• Es geht um ihre Zukunft: Schüler fordern nun eine vorausschauende Klimapolitik ein. Foto: i-stock

    „Jetzt sind wir dran“

    12.02.2019 • Aktuelles, Landkreis Rosenheim, Nachrichten, Stadt Rosenheim

    Fridays-for-Future-Bewegung nun auch in Rosenheim – Demo am Max-Josefs-Platz am Freitag, 15. Februar, um 14 Uhr

    Wenn Erwachsene nichts mehr tun wollen, wenn Politiker es nicht sehen wollen, wenn alles zu spät scheint – dann liegt es wohl an der Jugend, sich für ihre Zukunft einzusetzen. Da sind sich die Initiatoren einer neuen Umweltschutz-Bewegung in Rosenheim einig. So wie es Greta Thunberg, eine mutige 16-jährige Schwedin getan hat und nach wie vor tut, haben Menschen in Rosenheim am Freitag, 15. Februar, die Chance mit der Teilnahme an einer Klimawandel-Demonstration ein Zeichen für eine bessere Welt zu setzen.

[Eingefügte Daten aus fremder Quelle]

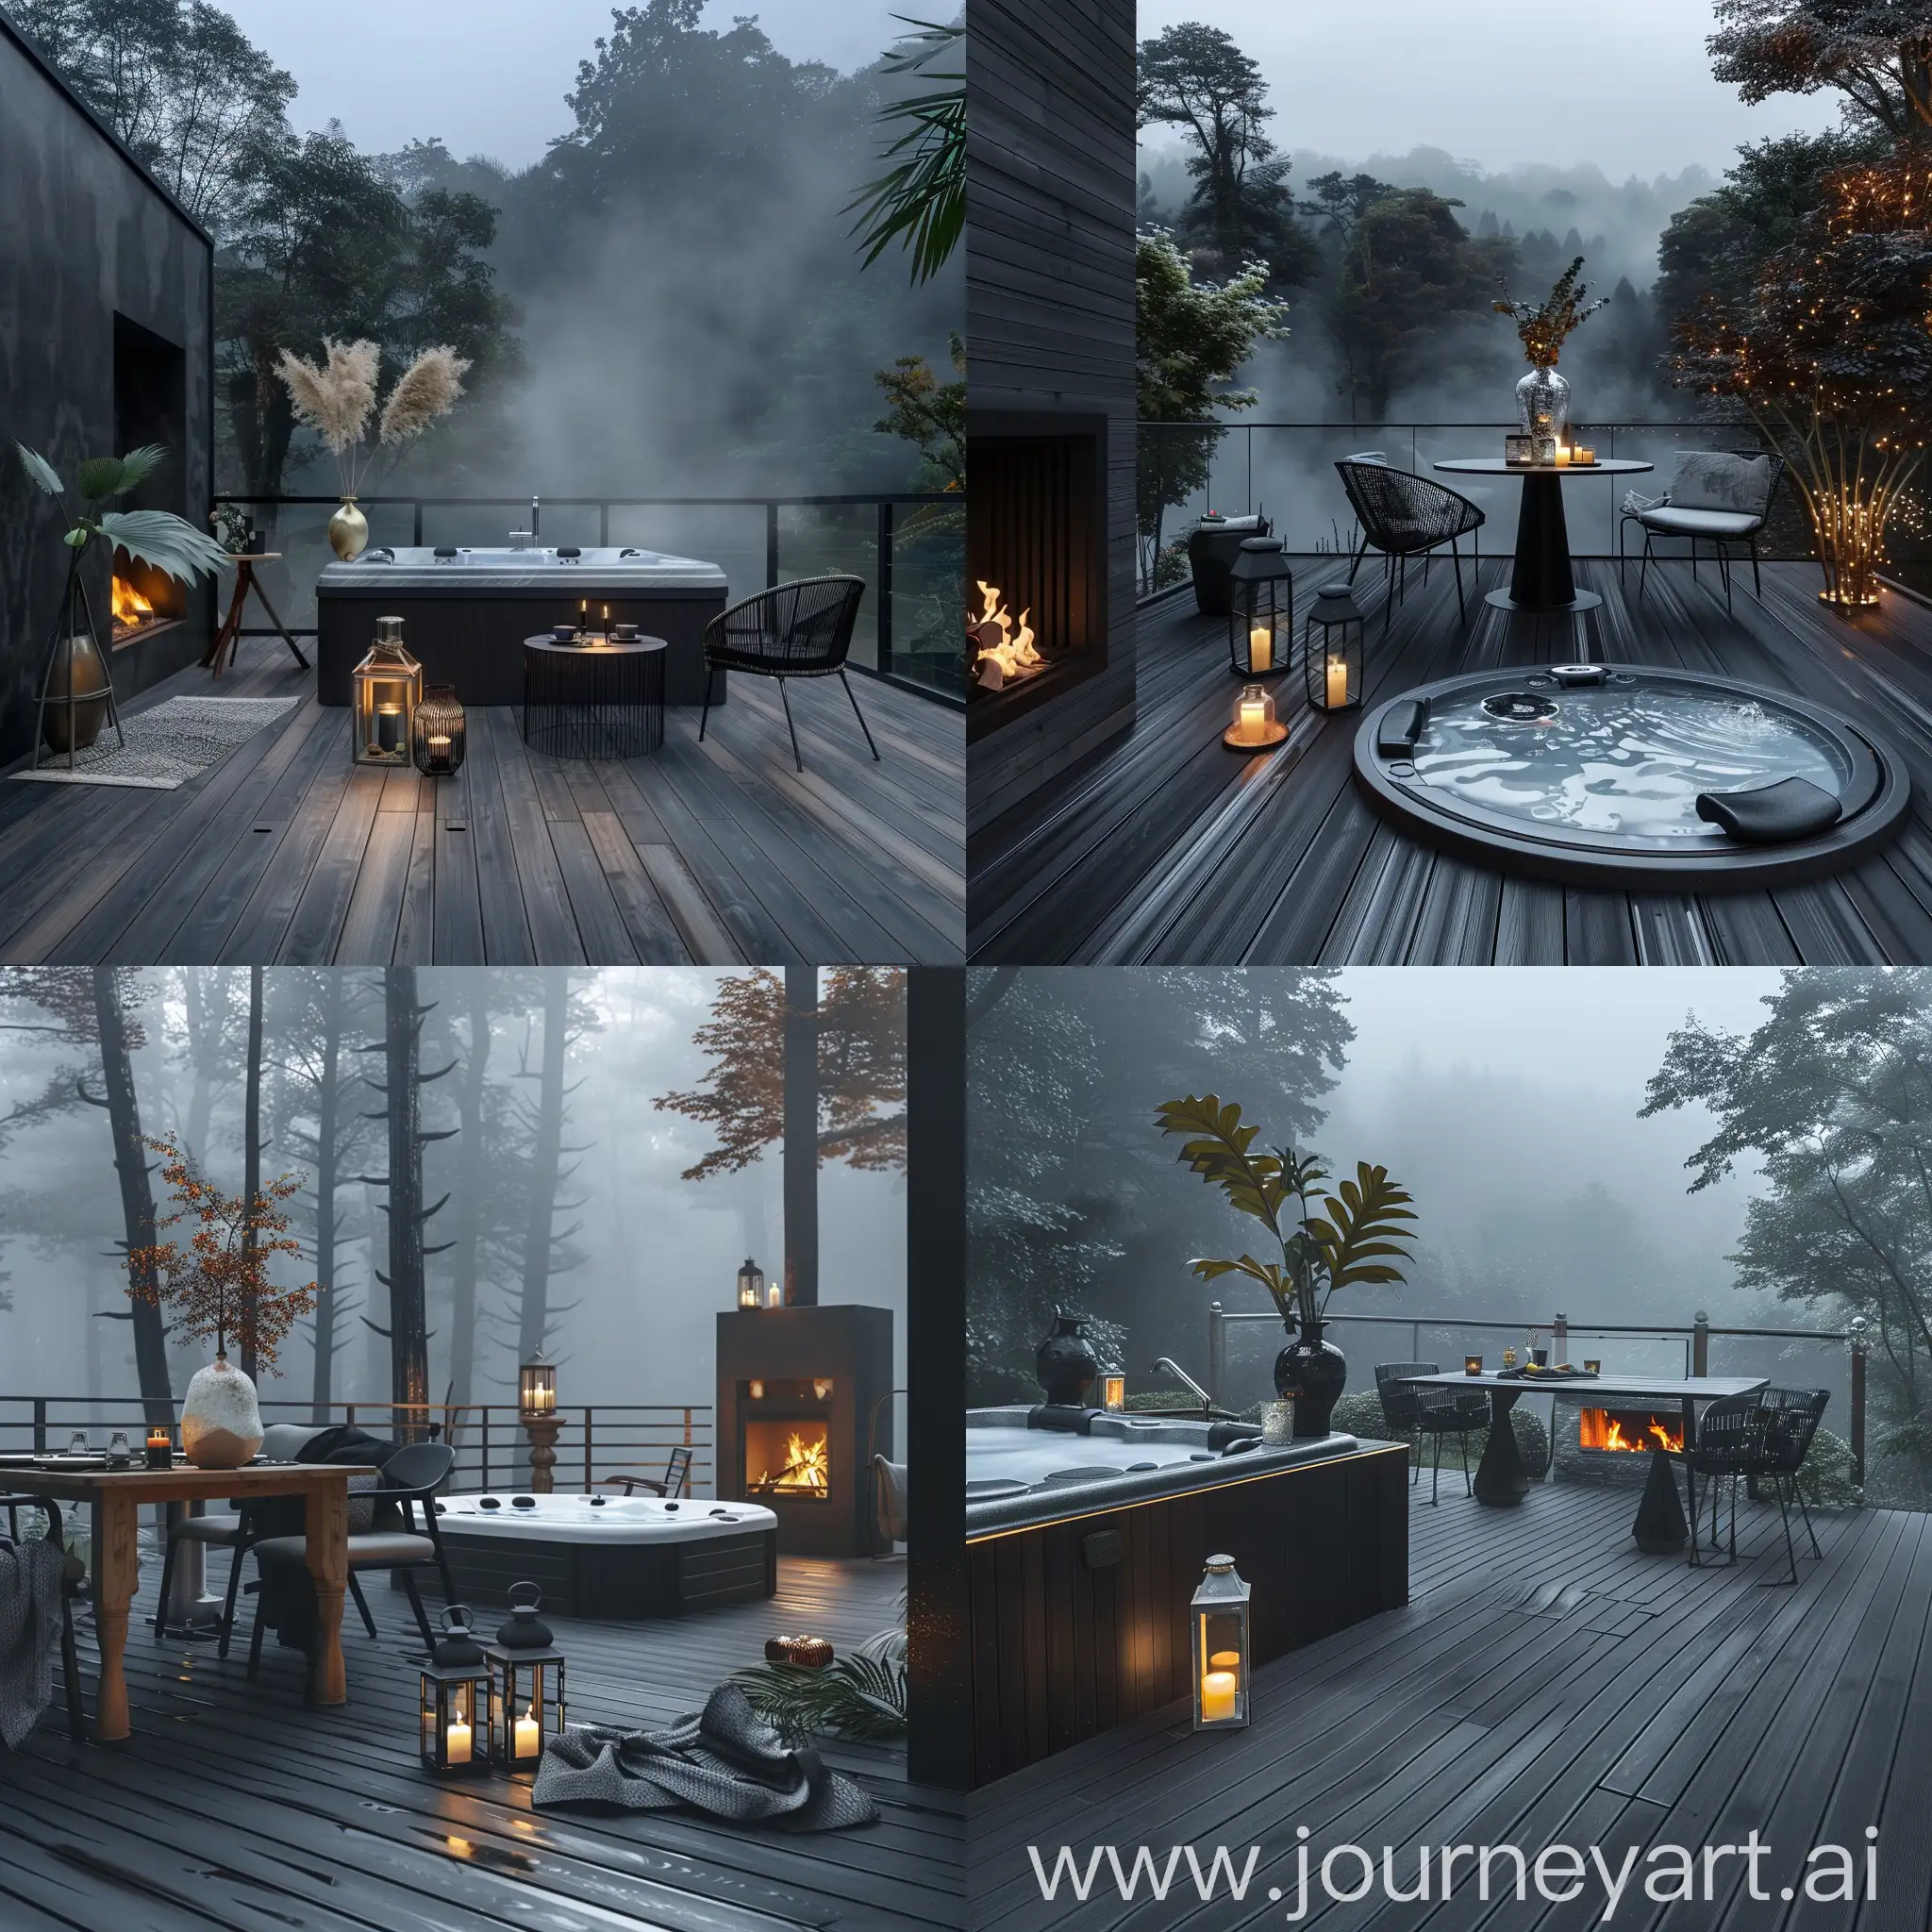 A black gray terrace, wooden laminate floor, soft lighting, lantern and vase, table and chair, hot water jacuzzi, decoration, electric fireplace, in the misty tropical forest, real photo

    Seit Monaten schwänzt die junge Umweltschutzaktivistinjeden Freitag den Unterricht, um stattdessen gegen den Klimawandel zu protestieren. Viele taten es ihr nach. Doch ist es rechtlich umstritten, wie sich eine Schule dazu verhalten muss. Damit also eine gute Absicht keinen Verweis nach sich zieht, haben sich Elftklässler der Geografie-Kurse am Ignaz-Günther-Gymnasium mit ihren zwei Kursleitern zusammengetan. Innerhalb kürzester Zeit wurden eine Website designt, Socialmedia-Accounts erstellt und eine gesamte Demo mit Zustimmung des Ordungsamts und der Polizei organisiert. 20 Schulen im Umfeld sind dabei und bereit, Initiative zu zeigen. Gerechten wird mit bis zu 1000 Teilnehmern. „Fridays for Rosenheim“, inspiriert von „Fridays for Future“, ist ein nächster Schritt in Richtung Umweltbewusstsein.

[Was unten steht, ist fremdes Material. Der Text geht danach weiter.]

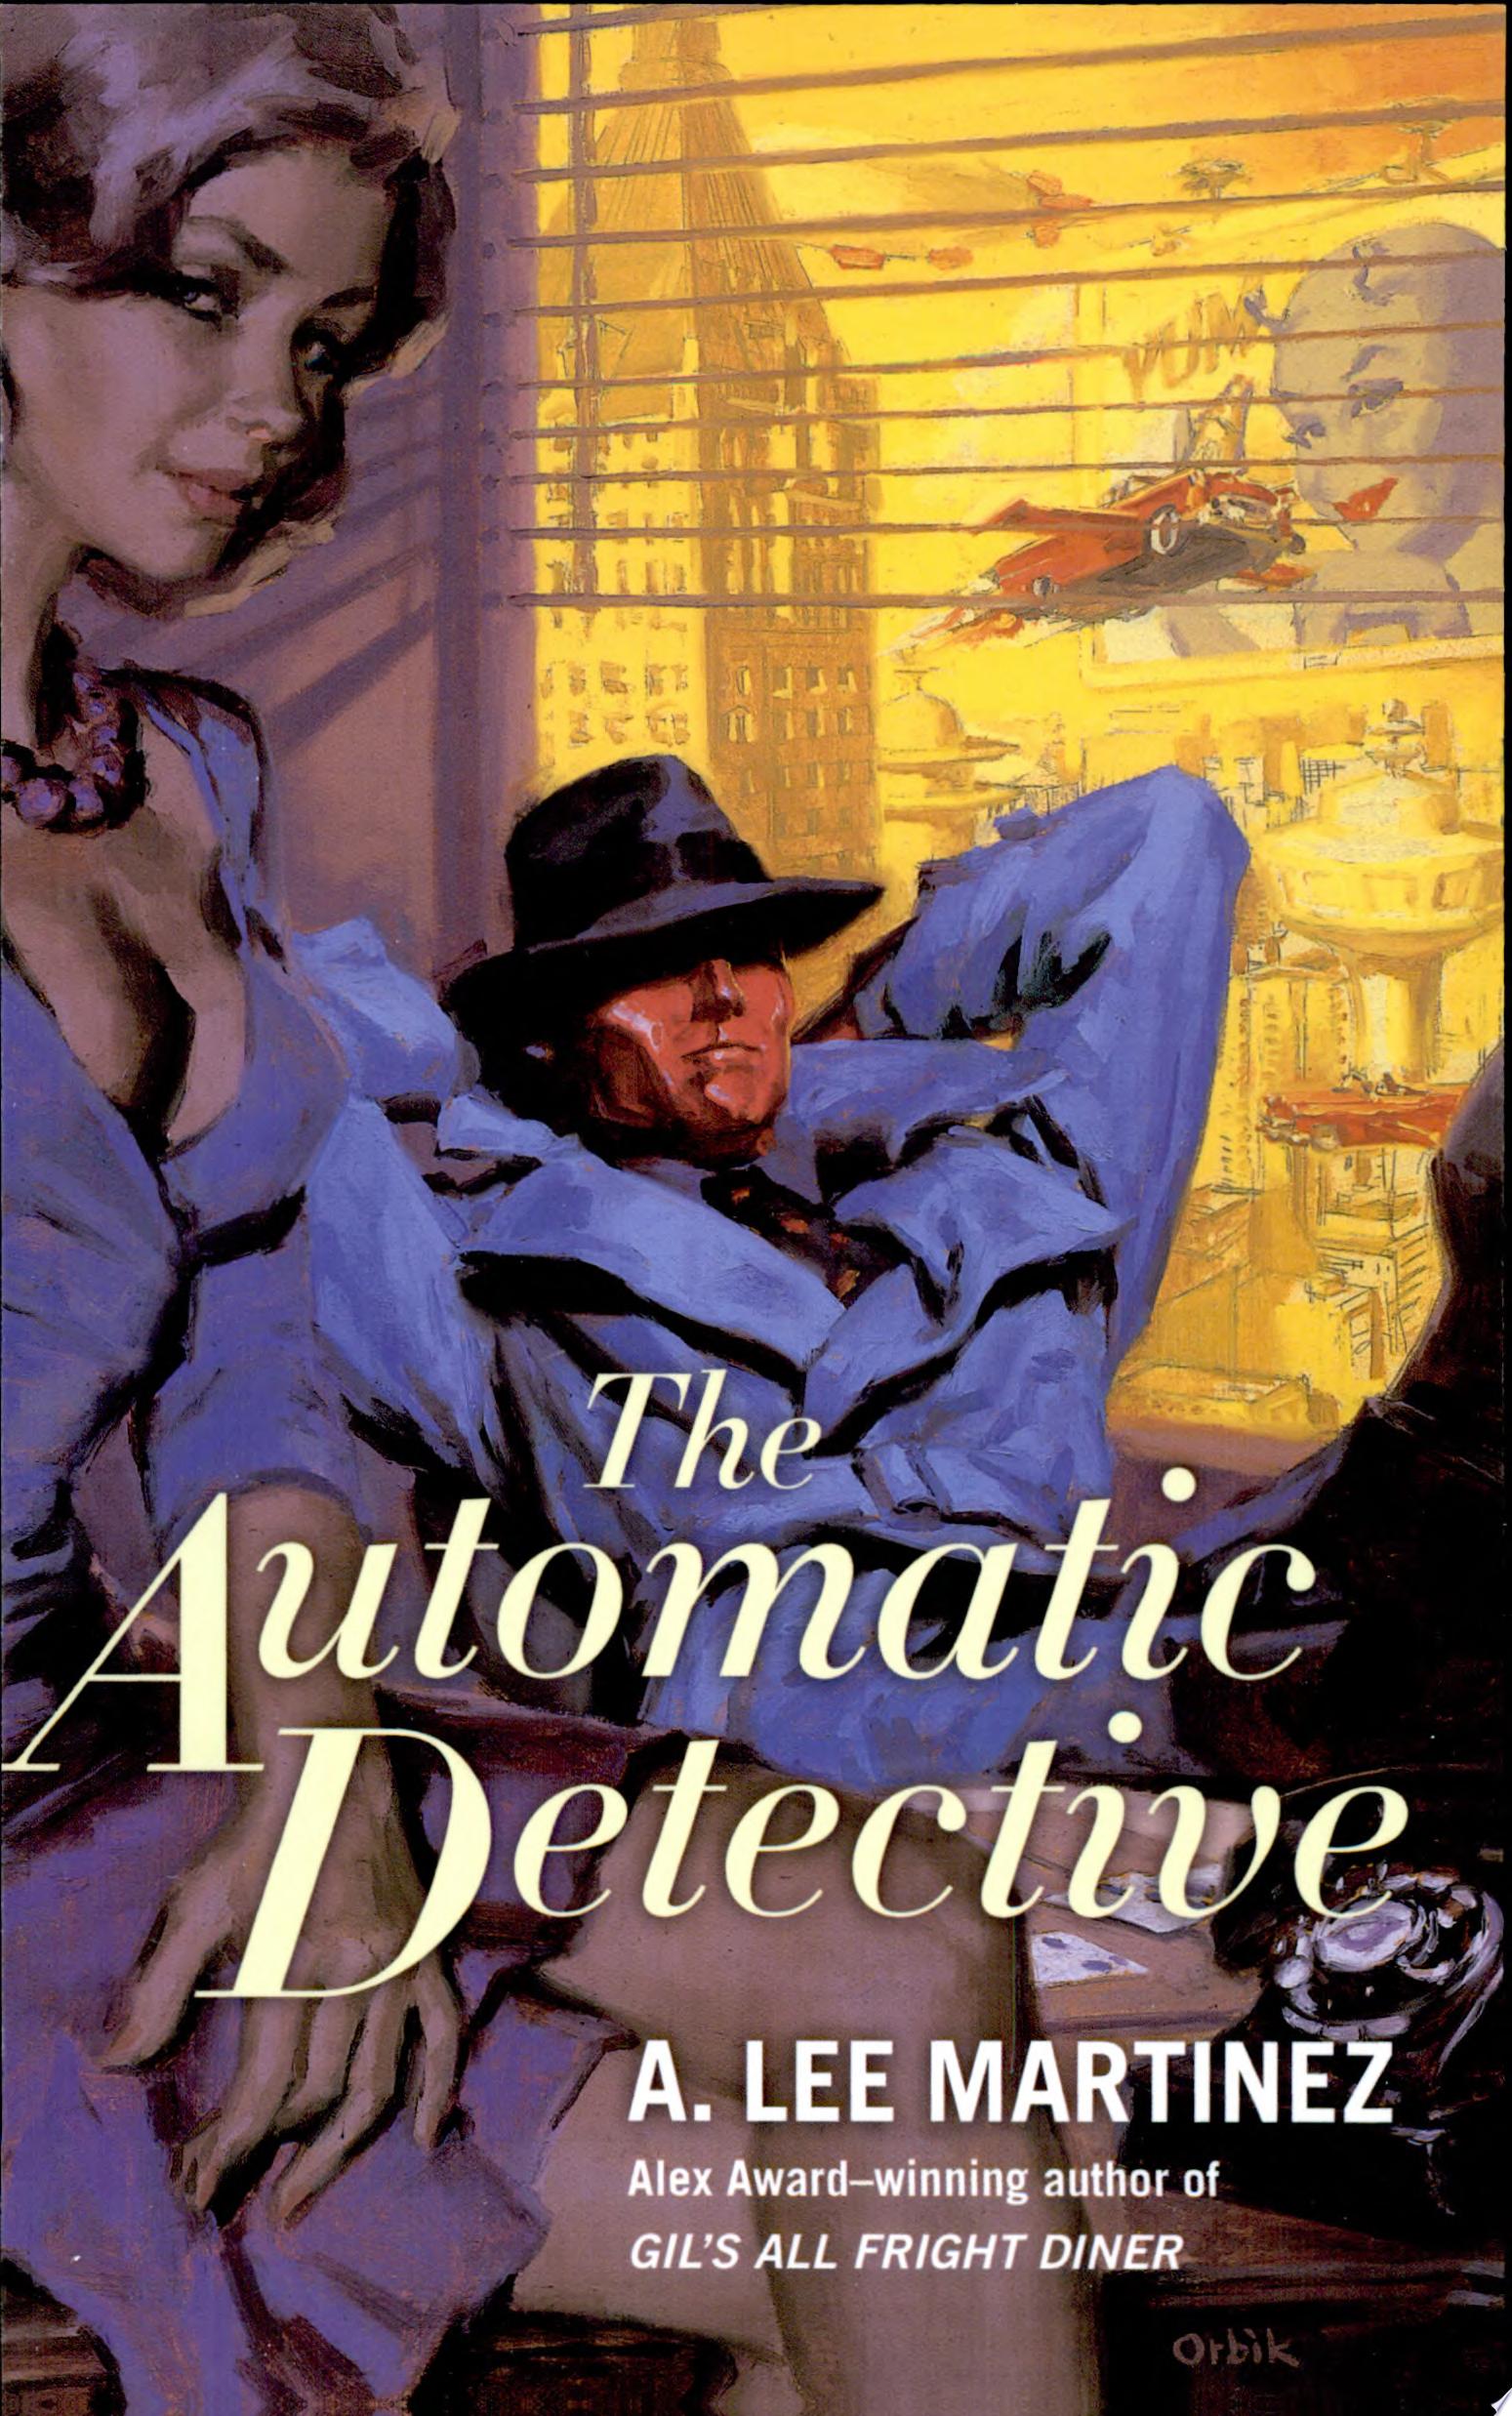 Image for "The Automatic Detective"

    An diesem Freitag wollen die Initiatoren von „Fridays for Rosenheim“ primär Aufmerksamkeit. Die breite Öffentlichkeit soll erfahren, dass sie bereit sind, Veränderungen zu bewirken und für ihre Ziele einzustehen. „Jetzt sind wir dran“, so Mitbegründerin Johanna Schneider: „Zusammen können wir etwas ändern!“

    Scheinbar simple Dinge wie das Zudrehen des Wasserhahns während des Händewaschens oder der Einkauf von regionalen Produkten könnten den ökologischen Fußabdruck eines jeden Einzelnen verbessern. Geplant sind Reden der Initiatoren, in denen sie ihre geplanten Ziele und Forderungen erläutern. Es wird dargestellt, wie kleine Veränderungen im Konsumverhalten Großes in der Umwelt bewirken können. Auf dem Programm stehen neben musikalischen Einlagen auch Reden, etwa von Dr. Cecilia Scorza, promovierte Astronomin, und von Vertretern des Bundes Naturschutz und der Grünen Jugend. Seine Teilnahme hat ebenfalls der Physiker und Fernsehmoderator Harald Lesch zugesagt.

    Es gibt außerdem einen Demoschild-Wettbewerb, bei dem man einen 20 Euro-Gutschein für den Rosenheimer Bioladen „Nimm´s lose“ gewinnen kann. Nächste Demos mit Themen wie ungeheure Mengen an Plastikabfall oder günstigeren öffentlichen Nahverkehr sind in Planung.
    Seit August vergangen Jahres ist Greta übrigens auf den Straßen unterwegs, um zu demonstrieren. Mittlerweile ist es Schulstreik Woche Nummer 26.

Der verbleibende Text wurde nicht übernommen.